Talk:Mozilla Addons

From Archiveteam
Revision as of 03:26, 30 September 2018 by Swicher (talk | contribs) (Add parameters to WARC download in Wget command)
(diff) ← Older revision | Latest revision (diff) | Newer revision → (diff)
Jump to: navigation, search

A few days ago I commented in the chat about some scripts in which I was working to download Mozilla extensions and related pages. I uploaded the code to https://github.com/aaferrari/amo-links-getter for those interested in using it or integrating it with the Warrior.

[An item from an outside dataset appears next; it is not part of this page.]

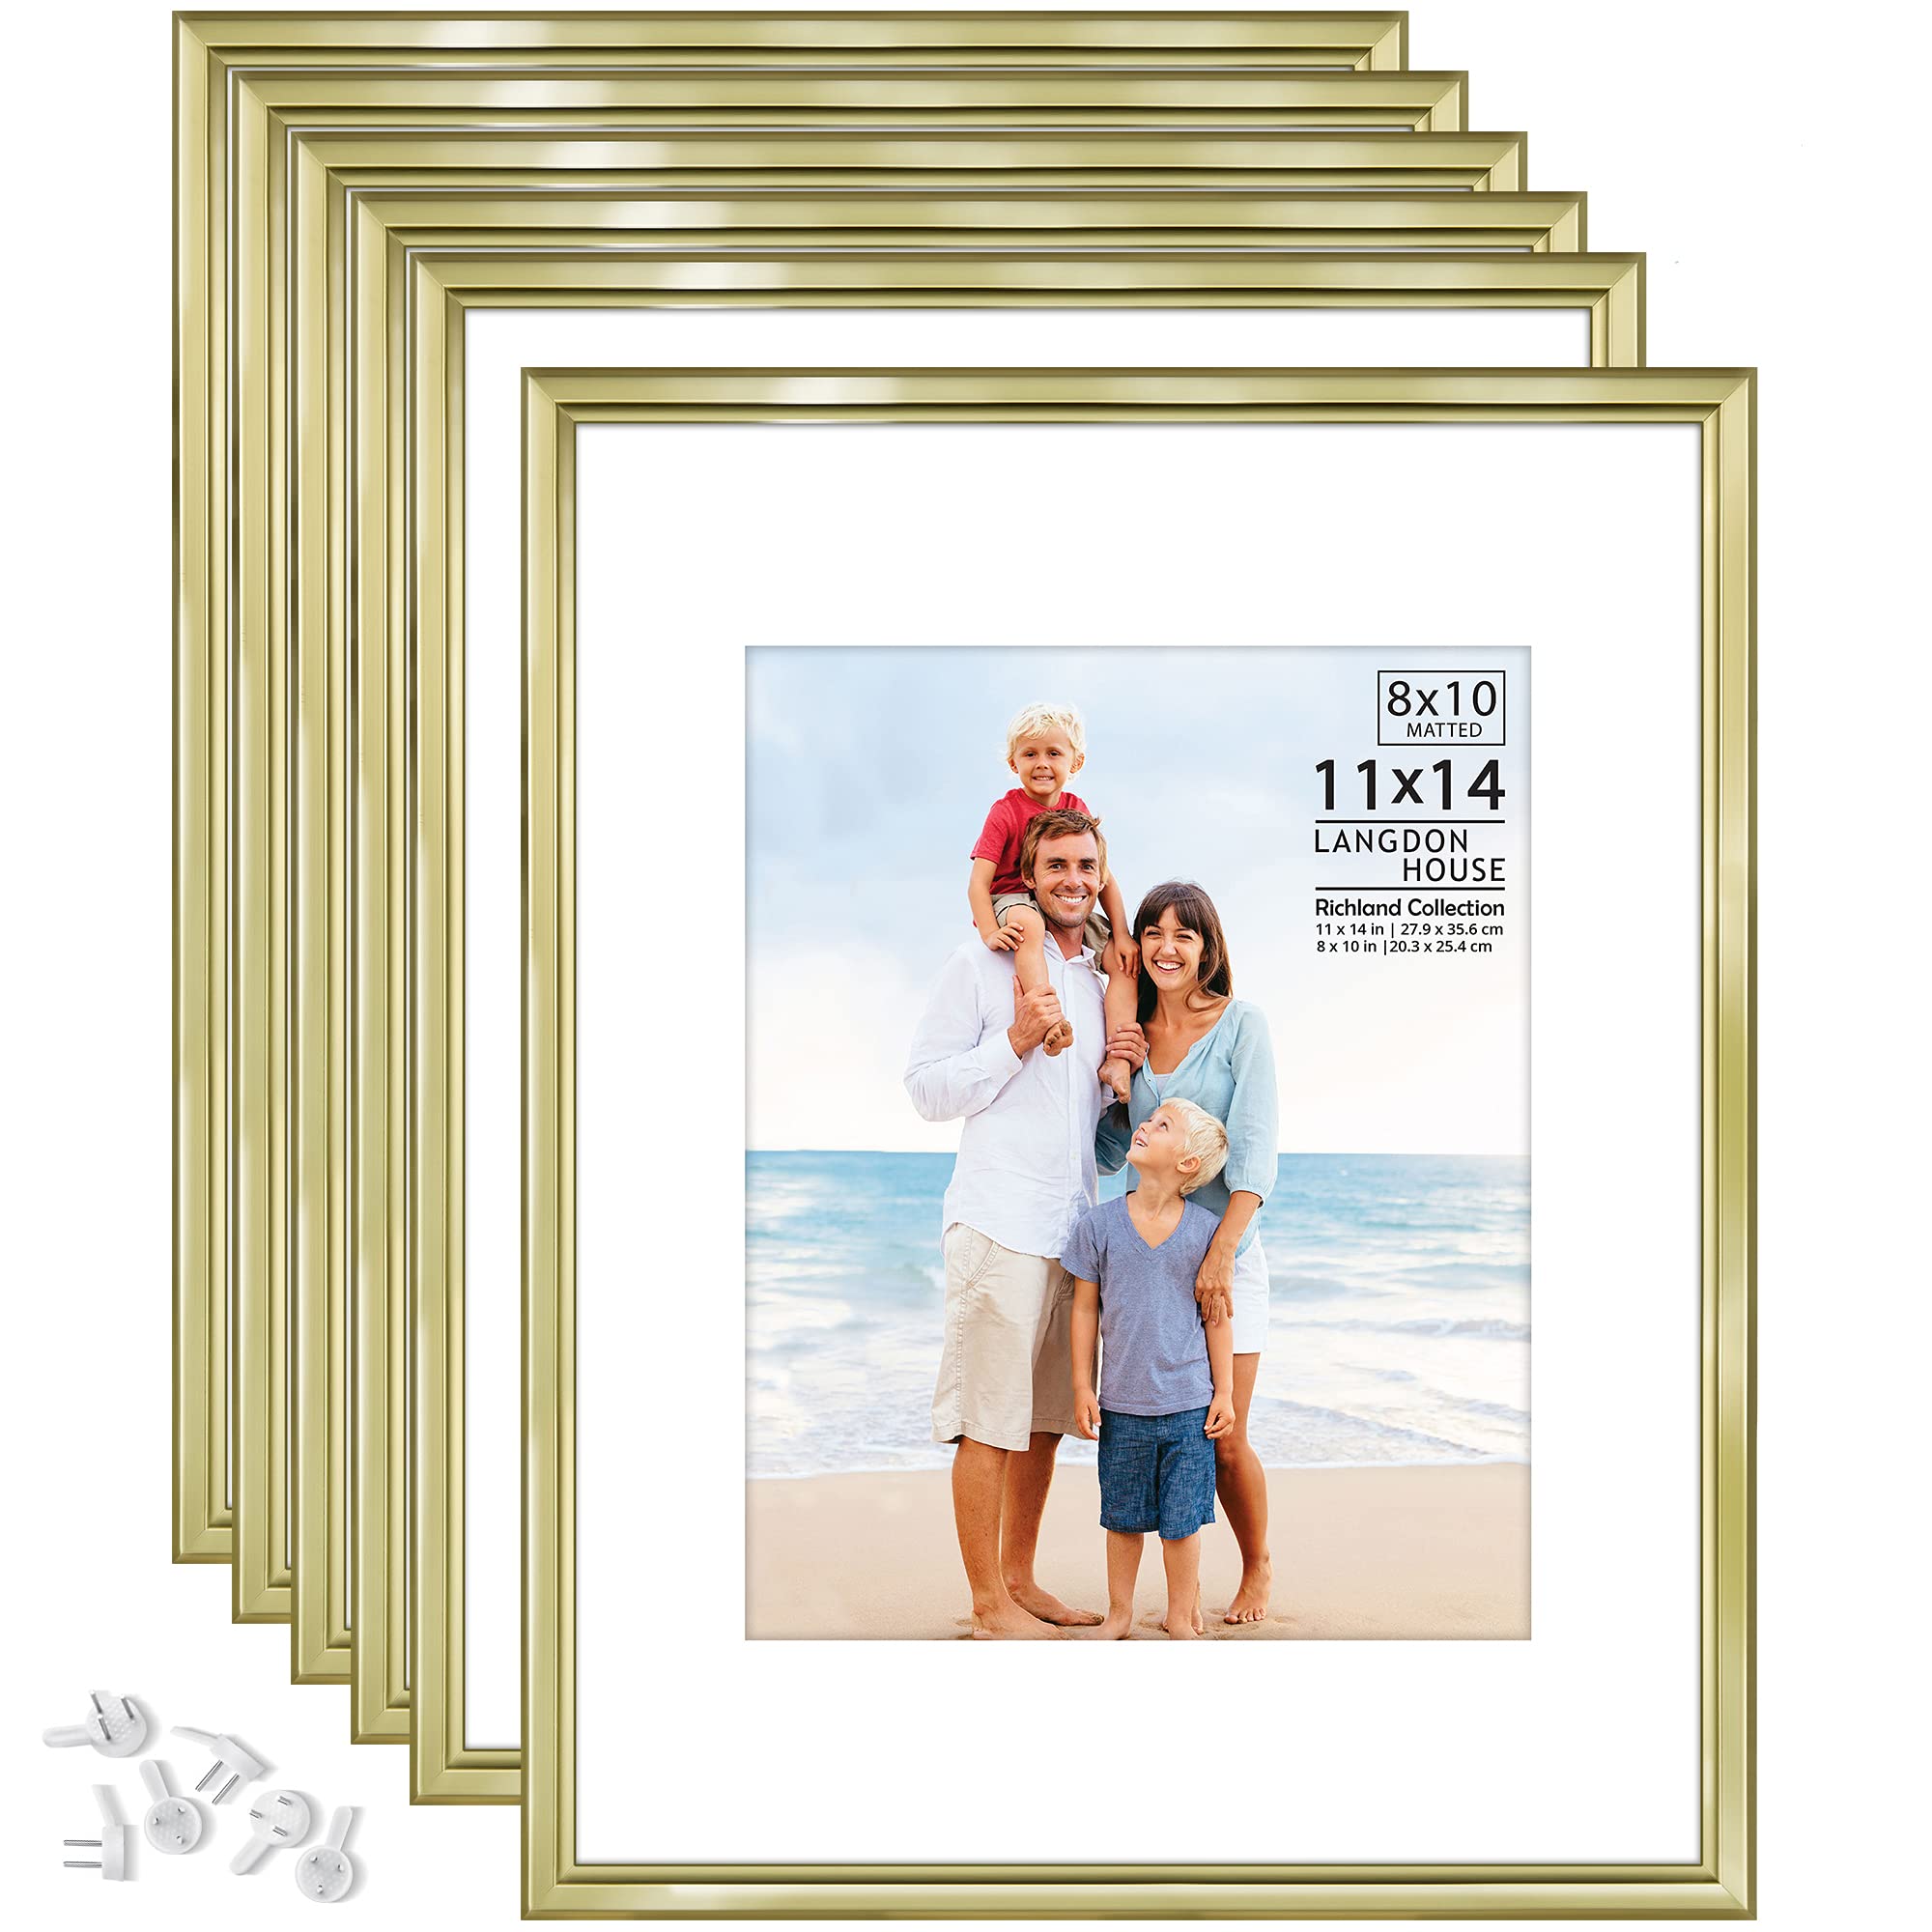 Langdon House 11x14 Gold Picture Frames w/ Mat for 8x10 Photo, Contemporary  Style, 6 Pack, Richland Collection (US Company) 
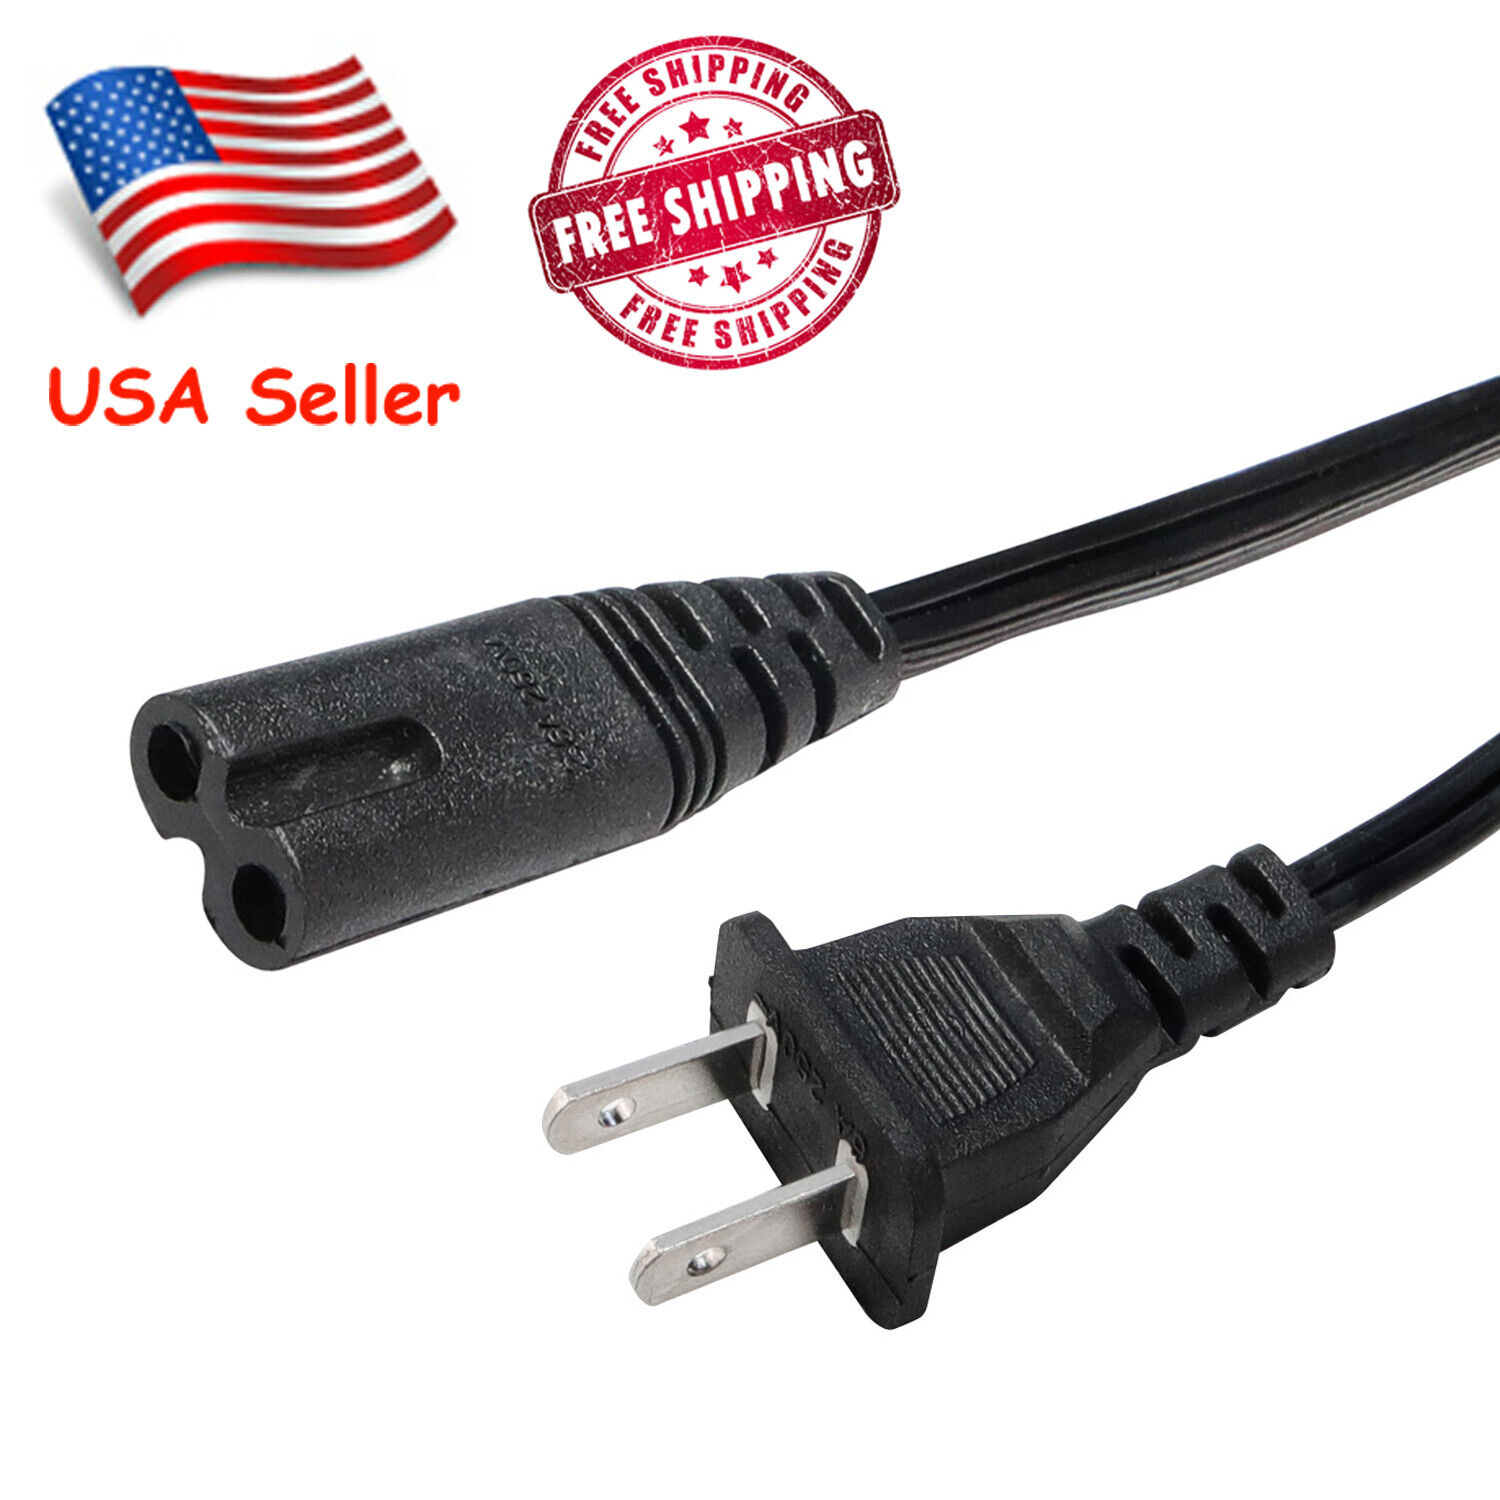 Lot of 1-100 Standard 6ft 2-Prong AC Power Cord/Cable for PS2 PS3 Slim Laptop

After several days of running I got a list with more than a million links to download (the list is here) but I do not think I can download everything before Mozilla deactivates/deletes the classic extensions, so I would like more people to also take care of this.

To download the links you can use the following command:

wget --header "Cookie: mamo=off" -k -x -e robots=off -H -o messages.txt -nc -i "mozilla addons url list.txt" --mirror --warc-file="addons.mozilla.org

Explanation of some parameters:

  • --header: It allows to download the pages with the classic design. This is optional but it facilitates the parsing (if necessary) and I am not sure that the pages render correctly once they are downloaded with the new style.
  • -k: Makes links in the downloaded HTML or CSS point to local files.
  • -x: Force the creation of directories.
  • -H: Obtains external resources of a page (such as CSS files or images).
  • -o: Save the output of the program to a file.
  • -nc: Avoid overwriting already downloaded files.

--Swicher (talk) 00:34, 30 September 2018 (UTC)